Alma Har'el | |
---|---|
Born | Tel Aviv, Israel |
Occupation | Film and music video director |
Notable work | Bombay Beach, Fjögur píanó |
Alma Har'el is an Israeli-American music video and film director, best known for her documentary Bombay Beach, which took the top prize at Tribeca Film Festival in 2011, received a nomination for a 2011 Independent Spirit "Truer than Fiction" award, and has been taught in several universities, including Harvard’s Sensory Ethnography Lab and Film Center, as a genre redefining work.
Har’el is famous for her ability to artistically blur the lines between documentary and fiction, effectively utilizing choreographed dance sequences and inspired musical choices in a surreal, dream-like poetic meditation on life. Stephan Holden of The New York Times wrote about Har'el's film Bombay Beach: “[it] looks and feels like a fever dream about an alternate universe. Suffused with a sense of wonder, it hovers, dancing inside its own ethereal bubble”.

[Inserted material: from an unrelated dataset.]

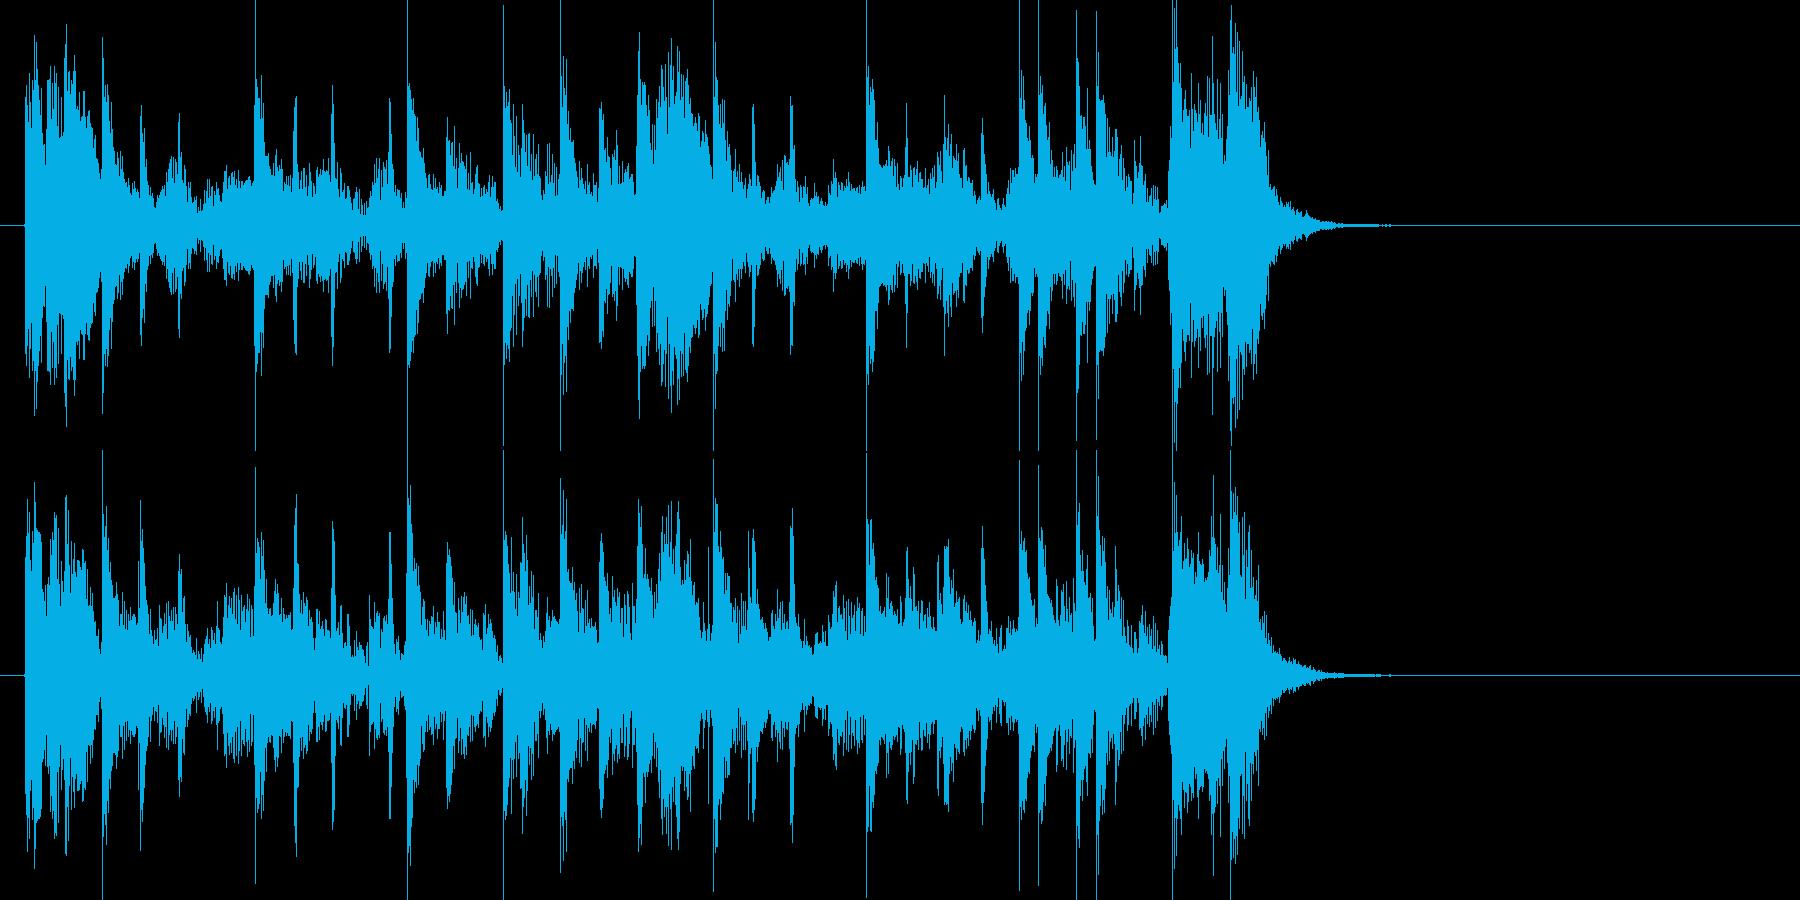 特徴的なベースラインが光るジングルの再生済みの波形

In 2016 she premiered her newest film "LoveTrue" at the Tribeca Film Festival. The film went on to win the Grand Prix Best Documentary Award at the Karlovy Vary International Film Festival.
She was recently named among the "Top 12 female filmmakers ready to direct a blockbuster" by Indiewire.

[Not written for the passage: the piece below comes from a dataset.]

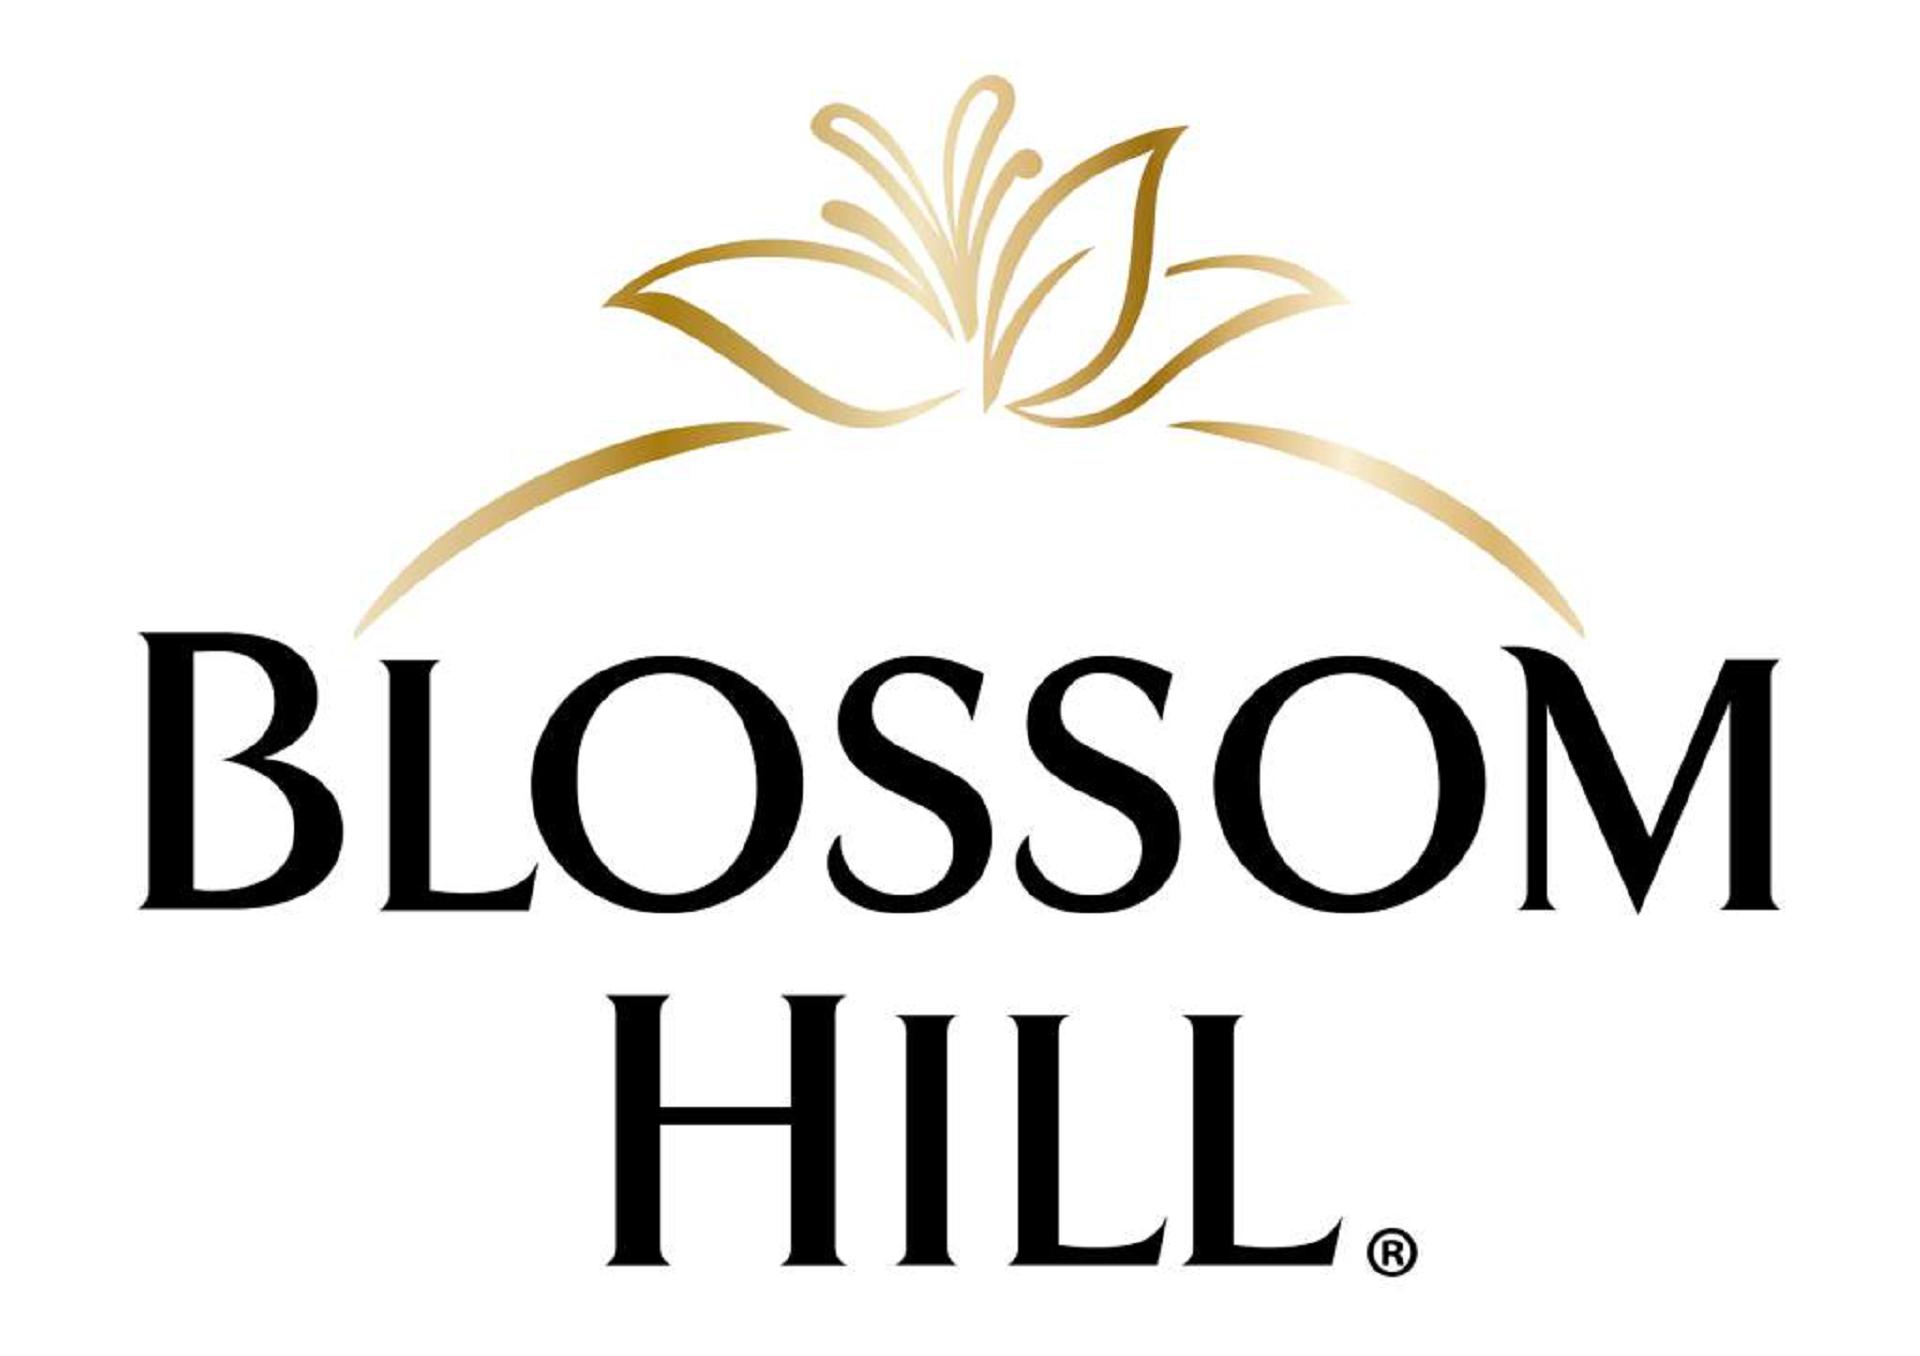 Blossom Hill Photos

Flavorwire has called Har'el an "honest to goodness visionary," While No Film School adds, ""Every once in a while, an artist comes along who changes the way we think about film. Alma Har'el is one of those."
Born and raised in Israel to a Jewish family, Alma Har’el began her work as a photographer and a performer of live video mixing in music concerts.
One of Har’el’s most prominent projects as a VJ was a collaboration with the Balkan Beat Box, “a performance-meets-dance party that blends electronic music with hard-edged folk music from North Africa, the Middle East, the Balkans and Eastern Europe.”
Their first album included an 11-minute video titled: The Balkan Beat Box 1st show ever - Digital Diary of Alma Har’el. The video was edited by Har’el and features Har’el performing on stage and mixing live video art alongside the band. In an interview for Oyster Magazine she recalls: “I never studied film, so that (VJing) was my film school” [...] I wanted to feel as though I was playing videos like a musical instrument — editing them live, with people reacting. That still has a big impact on me to this day.”